Popular wisdom holds that the primary value of data deduplication is in storage capacity savings. This is not surprising given that the first generation of data deduplication companies were focused on a single use case: backup to disk. It was the right solution at that time. Disk drives were getting larger and less expensive, and deduplication was the enabling technology that allowed backup to disk to become price competitive with backup to tape for many customers. The deduplication engine for these devices was designed to reduce the amount of disk capacity required to store weeks or months of backup data. These solutions were never intended for primary storage applications.
Primary storage has a completely different set of requirements. Latency is far more important than throughput. Random performance is generally more important than sequential performance. Caching becomes a critical feature. Whereas disk based backup devices are optimized for a single workload of sequential write streams with periodic sequential reads for restore, primary storage has to address a mixed workload that services many different data center applications at the same time.
What value can deduplication technology deliver for primary storage? It goes far beyond just capacity. Deduplication can optimize HDD capacity, HDD IOPS, SSD efficiency, DRAM efficiency, and WAN efficiency. HDD capacity is the most well-known feature given the recent history of deduplication, but I would argue it is the least valuable of the group for primary storage. Let’s assume a 3TB HDD can deliver 100 IOPS (to make the math simple). If I create a new 20GB vmdk that contains 10GB of data that already exists in the system, I will save 10GB of capacity (0.003% of one HDD), but more importantly I will eliminate the IOPS required to write those 10GB to disk (100% of the IOPS for over 1 minute on one HDD). The IOPS savings is significantly more valuable.
Deduplication also impacts SSD and DRAM efficiency. If a system deduplicates intelligently, then there should never be two copies of the same piece of data in DRAM. This also holds true for SSD. The cost per GB of DRAM and SSD are much higher than HDD, so here the capacity efficiency is very powerful. This allows for an effective DRAM and SSD size that is greater than the physical size. The more efficient these components are, the more requests they can fulfill—and the fewer HDD IOPS are required, and the faster the system performs.

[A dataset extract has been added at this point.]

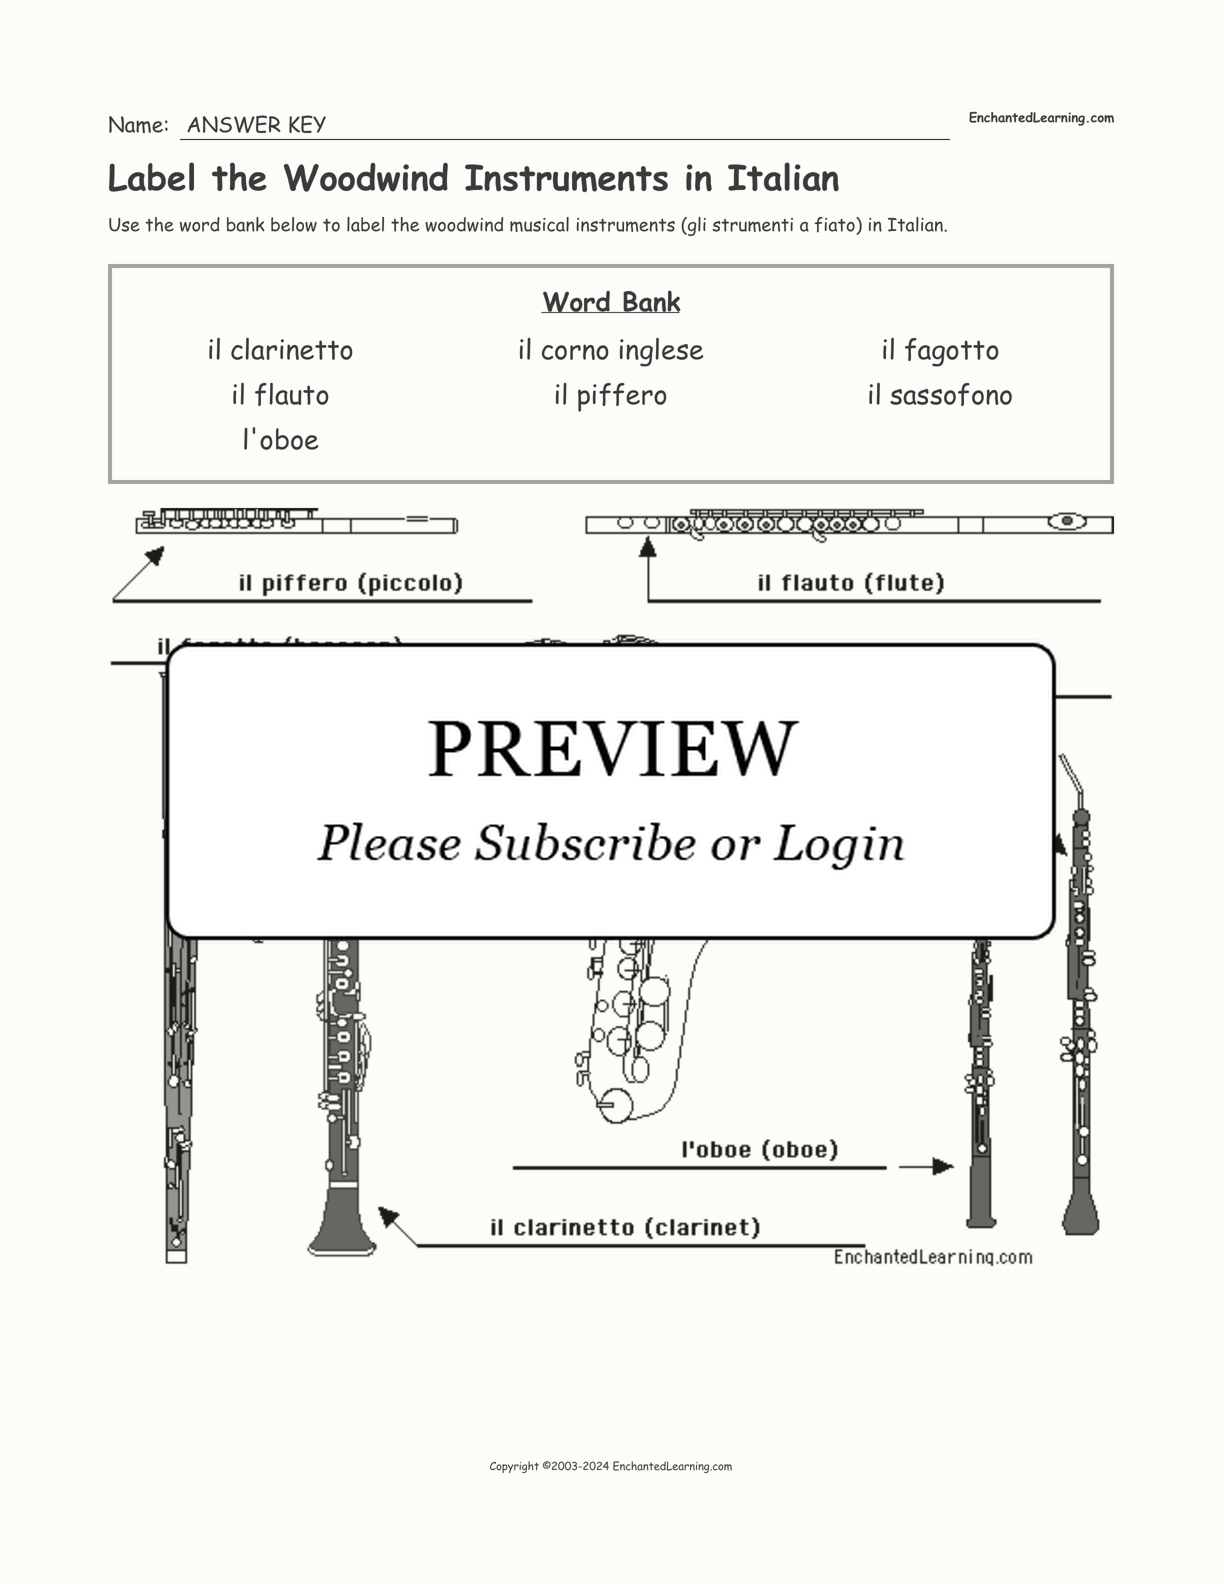 Label the Woodwind Instruments in Italian interactive worksheet page 2

Let’s not forget about the WAN. The Wide Area Network link is an expensive and limited resource. Storage replication has become extremely common and replicating the data over the WAN is the only practical way to obtain disaster recovery capabilities with a Recovery Point Objective (RPO) of less than 24 hours. If all of the data in the primary storage system is already deduplicated, then there should be no need to transfer any data to DR that is already there. In order for this to work, the data needs to be deduplicated in real time, and the data centers need to be able to communicate efficiently to transfer only the unique data at a fine grain level. This dramatically reduces the storage replication burden on the WAN, achieving bandwidth reductions of between 50 percent to 90 percent.
Not all systems deduplicate the same way. Unless the deduplication is done in real time at a fine grain level at the very core of the system, it will not be capable of enabling all of the functionality described above. The SimpliVity OmniCube deduplication is systemic. The system is simply not capable of creating duplicate data. This means that OmniCube benefits from all five optimizations—HDD capacity, HDD IOPS, SSD efficiency, DRAM efficiency, and WAN efficiency. Next time you are looking at a product that claims to have deduplication technology, ask if it benefits the platform in these five areas.
And one more thing…SimpliVity OmniCube also compresses all of the data making it that much more efficient.